Posted on:2004-07-17Degree:Ph.DType:Dissertation
University:University of Illinois at Urbana-ChampaignCandidate:Asperheim, StephenFull Text:PDF
GTID:1463390011467563Subject:American history
Abstract/Summary:
This study examines the relationship among national and other identities in Kentucky over the course of the first four decades of statehood to explore broader questions about the development of American nationalism in the new Republic. Historians have noted an apparent paradox regarding the political culture of the early United States, in that while threats of secession resonated from the North, South and West, Americans simultaneously participated in a vibrant nationalist political culture. This study argues that the key to understanding how Americans thought about political identity is to approach nationalism as a political strategy. Through rhetoric and practice, Kentuckians proclaimed their nationality in order to wield the power of the nation-state. Nationalism saturated the Commonwealth as all sorts of people attempted to shape the nation to conform with their own political agendas.;This study investigates how Kentuckians employed nationalism as they negotiated the important political and social issues of the era.
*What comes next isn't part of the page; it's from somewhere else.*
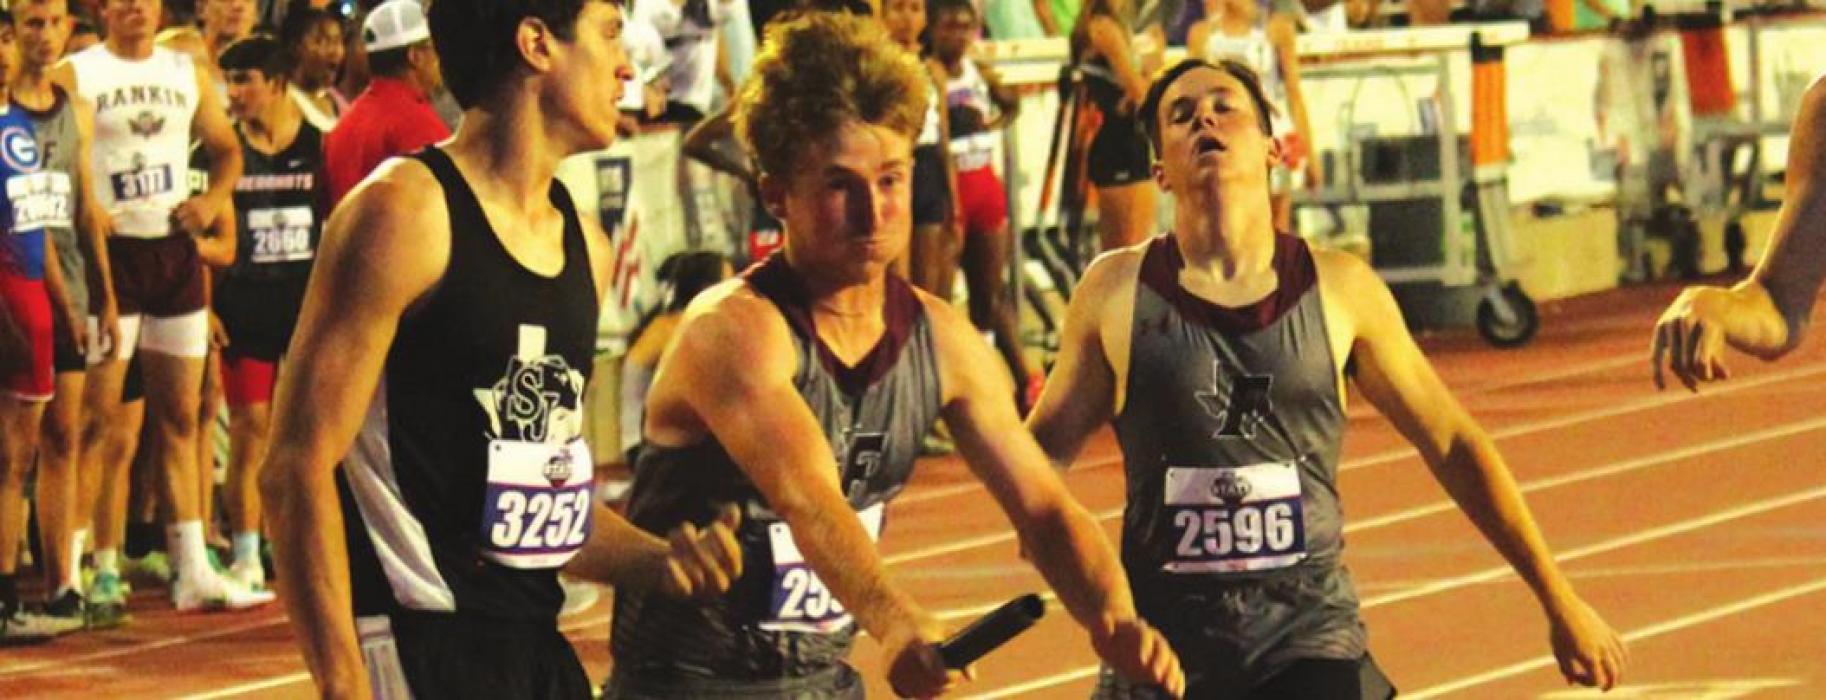 Reid Gross hands off to Logan Fritsch at Fayetteville’s first exchange of the 1A boys 4x400 relay. Fayetteville placed fifth with a school record time of 3:31.23. Photo by Jeff Wick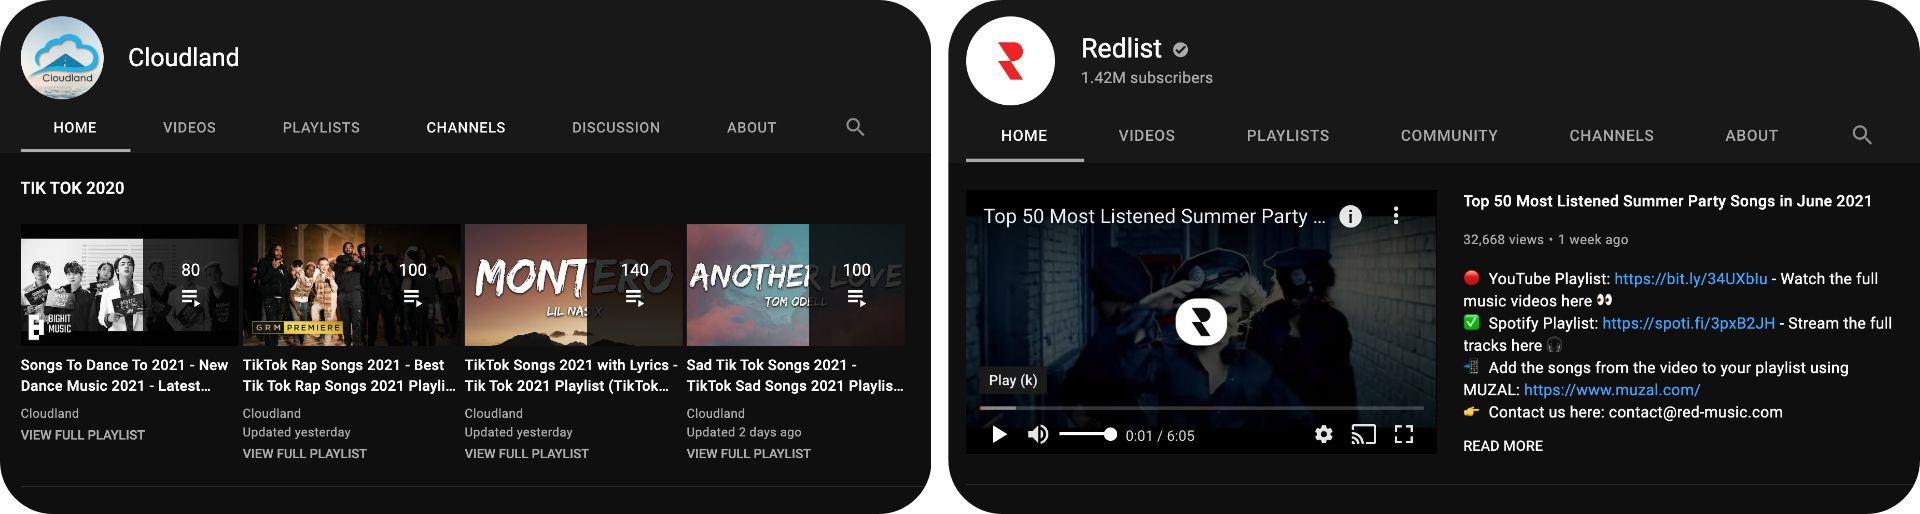 Screenshots of TikTok music videos and playlists by Cloudland and Redlist on YouTube.

As residents of the first state in the trans-Appalachian West, many Kentuckians in the 1790s were antagonistic towards the new federal government to the point of threatening to secede, but they nevertheless proclaimed that such a step would be properly nationalistic. After the election of Thomas Jefferson, both Republicans and Federalists accepted federal authority and worked to define the Union as the embodiment of the nation. Advocates of the War of 1812 saw it as a means of building a national character, but its opponents, prominent among them elite women, asserted that their own rejection of the war was appropriately American. Conflict over the contours of the nation did not end with the coming of peace, as leader Henry Clay's claim that his model of political economy would unify the nation jarred with Kentuckians' observations. Simultaneously, white Kentuckians attempted to construct a racial definition of nationality which excluded Indians and blacks, but Afro-Kentuckians nevertheless related to the ideals of the American Revolution and fought for their application. The South Carolina nullification crisis of 1832--33 opened the door to a new era in which nationalism would become a problematic ideology within Kentucky.